The federal definition of “misdemeanor crime of domestic violence:”
“(A) the term ‘misdemeanor crime of domestic violence’ means an offense that—(i) is a misdemeanor under Federal, State, or Tribal law; and18 U.S.C. § 921(33) (a).
(ii) has, as an element, the use or attempted use of physical force, or the threatened use of a deadly weapon, committed by a current or former spouse, parent, or guardian of the victim, by a person with whom the victim shares a child in common, by a person who is cohabiting with or has cohabited with the victim as a spouse, parent, or guardian . …
(i) A person shall not be considered to have been convicted of such an offense for purposes of this chapter, unless—
(I) the person was represented by counsel in the case, or knowingly and intelligently waived the right to counsel in the case; and
(II) in the case of a prosecution for an offense described in this paragraph for which a person was entitled to a jury trial … , either
(aa) the case was tried by a jury, or
(bb) the person knowingly and intelligently waived the right to have the case tried by a jury, by guilty plea or otherwise.“
Federal definition is narrower, than Minnesota’s
This federal definition is narrower than Minnesota’s definition in at least three ways. First, it requires a statutory element of physical force (or a deadly weapon) in the state statute of conviction; which is lacking in most Minnesota cases.
Second, the federal relationship element is narrower than Minnesota’s broad relationship definition (which includes for example, college roommates).
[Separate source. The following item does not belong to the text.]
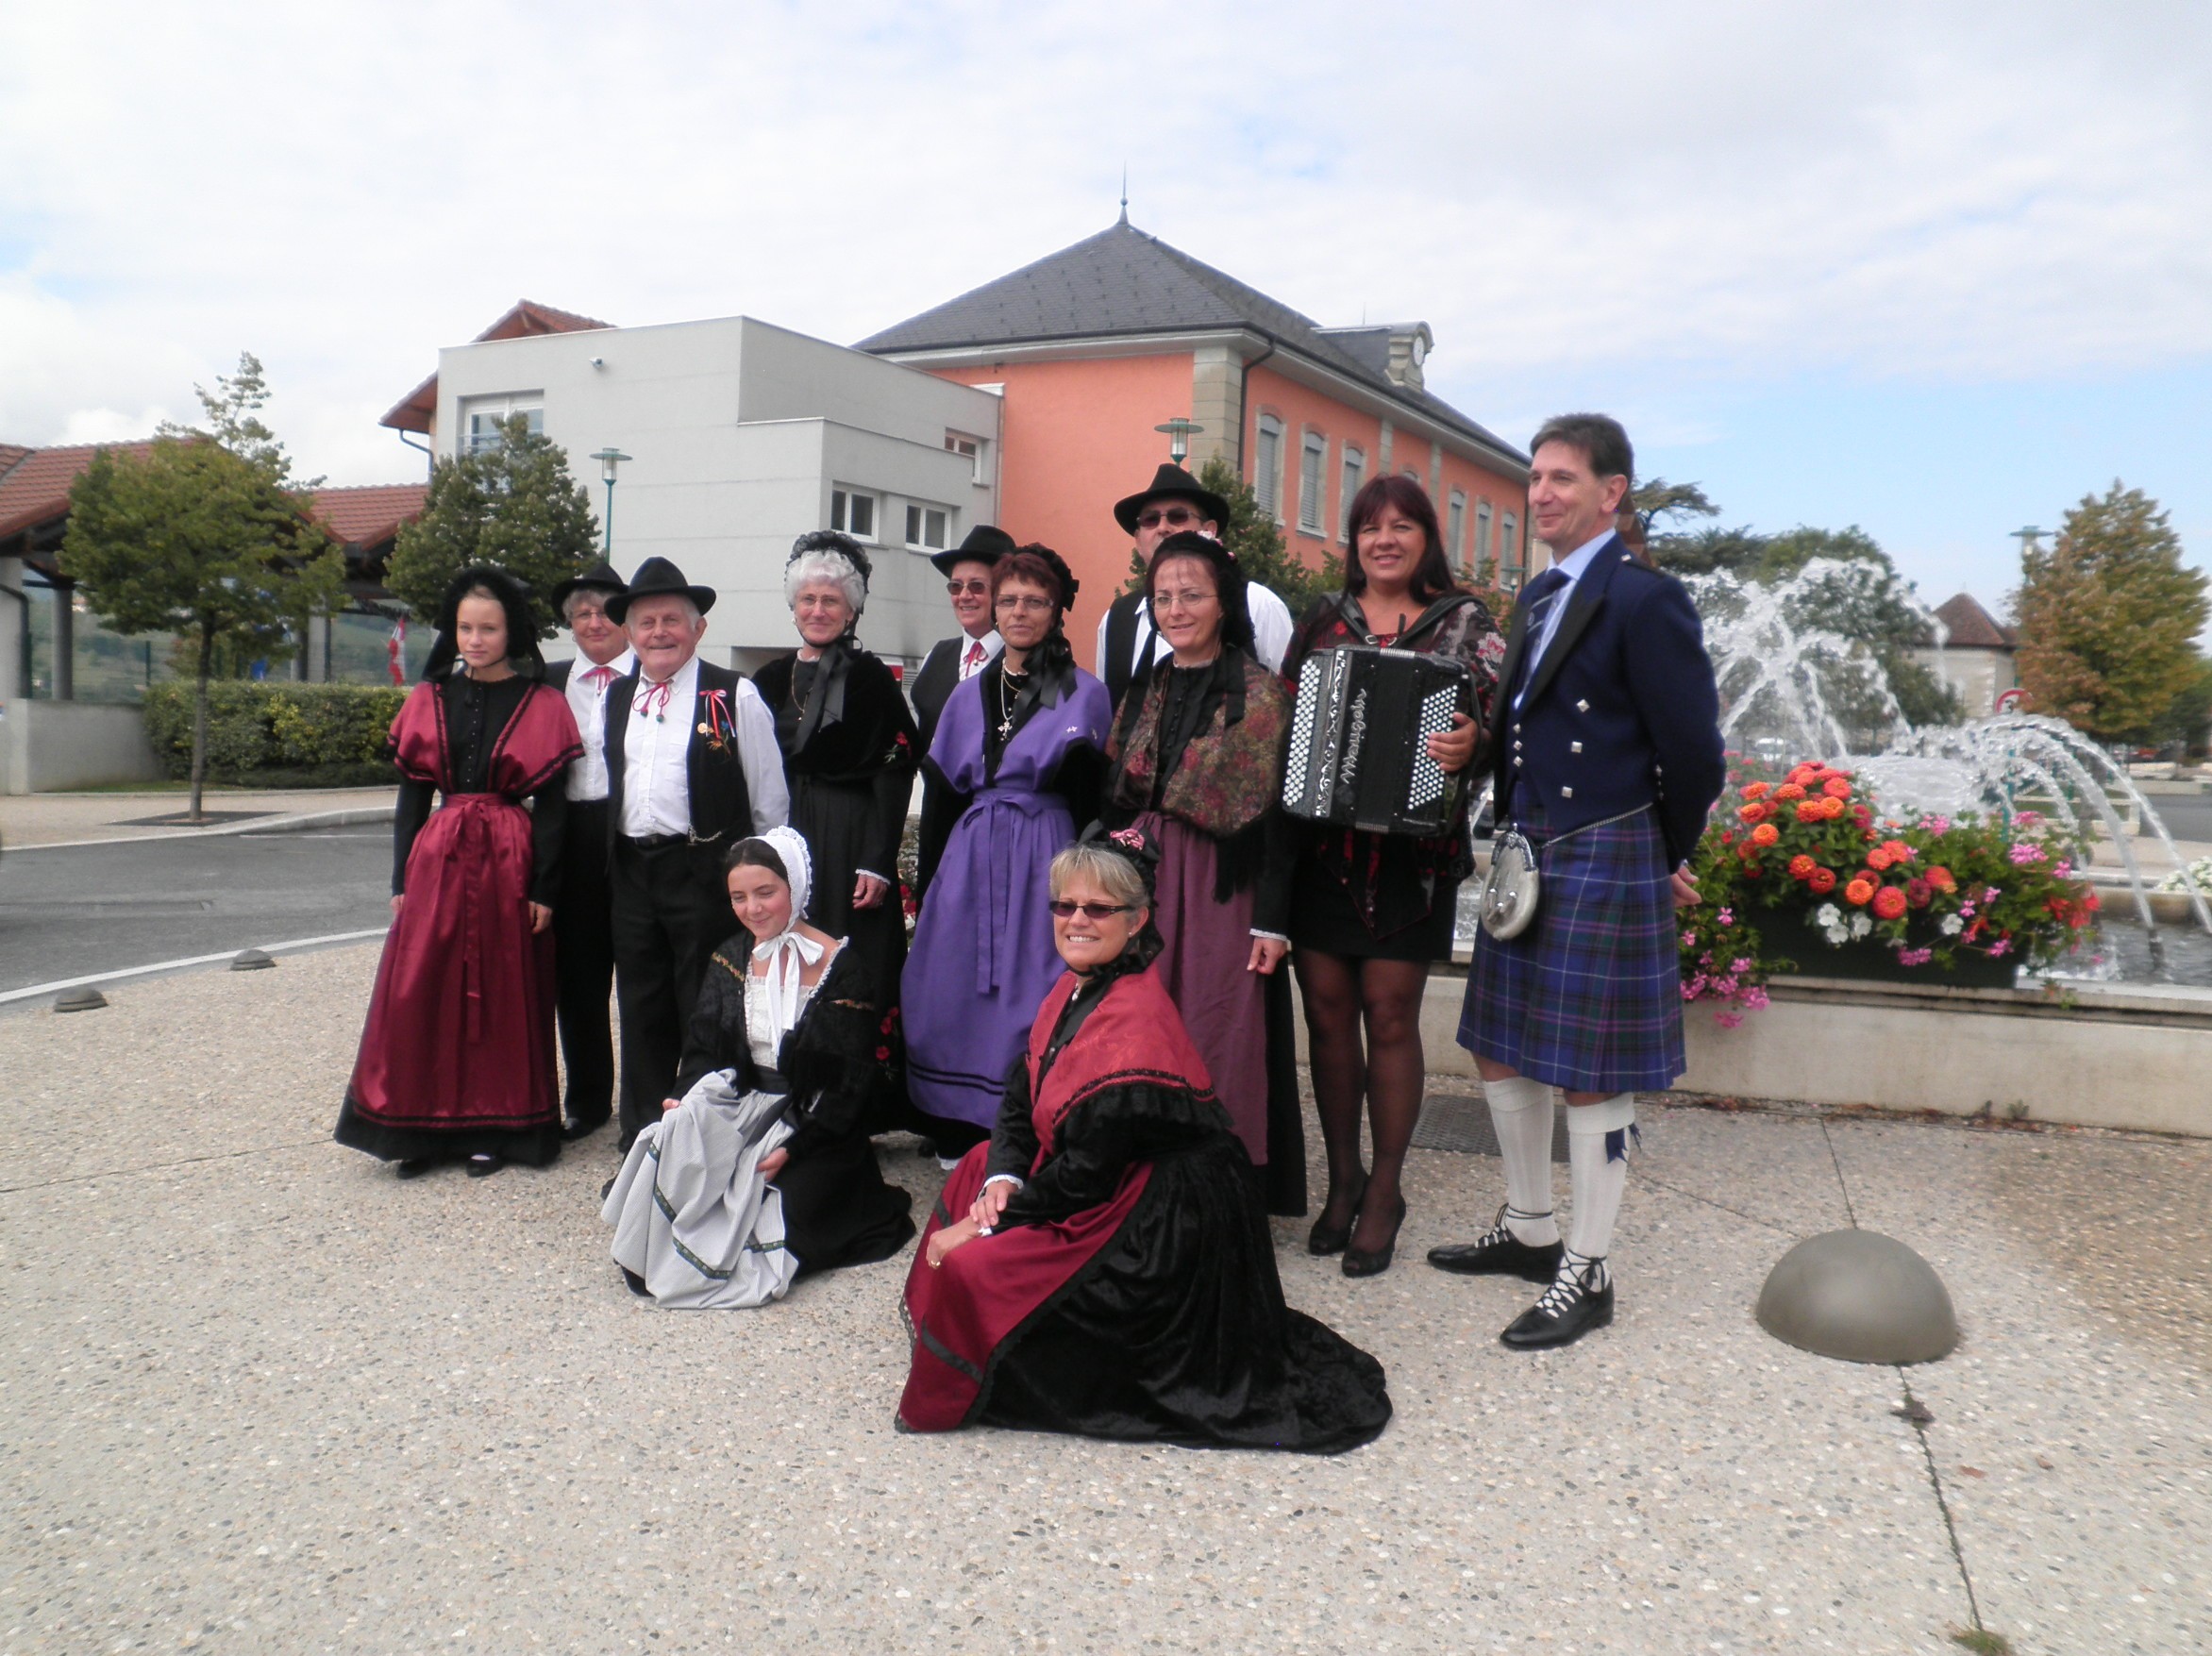 2012_Accueil_groupe folklore_2.JPG

Third, the due process protection qualifiers exclude cases with a right to counsel violation, or missing factual basis in support of the adjudication of guilt.
As a result, convictions which might at first appear to qualify as “misdemeanor crimes of domestic violence” may not actually qualify under the federal definition. If the Minnesota case does not fit the federal definition, then the federal law does not impair gun rights.
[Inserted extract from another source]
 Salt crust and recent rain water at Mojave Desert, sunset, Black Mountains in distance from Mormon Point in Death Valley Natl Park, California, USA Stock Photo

Minnesota three-year ban; automatic restoration
Even if the federal ban doesn’t apply, there are still Minnesota statutes which also strip gun rights after a domestic assault conviction. Let’s take a look at the Minnesota three-year ban now, before we get back to the federal laws.
Three-year loss of gun rights after a misdemeanor domestic assault: Minnesota’s general rule is an automatic three-year ban for a domestic assault conviction. Minn. Stat. § 609.2242, subd. 3:
“(e) … a person is not entitled to possess … a firearm if a person has been convicted on or after August 1, 2014, of domestic assault under this section or assault in the fifth degree under section 609.224 and the assault victim was a family or household member as defined in section 518B.01, subdivision 2, unless three years have elapsed from the date of conviction and, during that time, the person has not been convicted of any other violation of this section or section 609.224. … A person who possesses a firearm in violation of this paragraph is guilty of a gross misdemeanor.”Minn. Stat. § 609.2242, subd. 3
Minnesota Statutes Section 624.713, subd. 1 (8), says the same – broad ban on firearm possession for three years after date of conviction.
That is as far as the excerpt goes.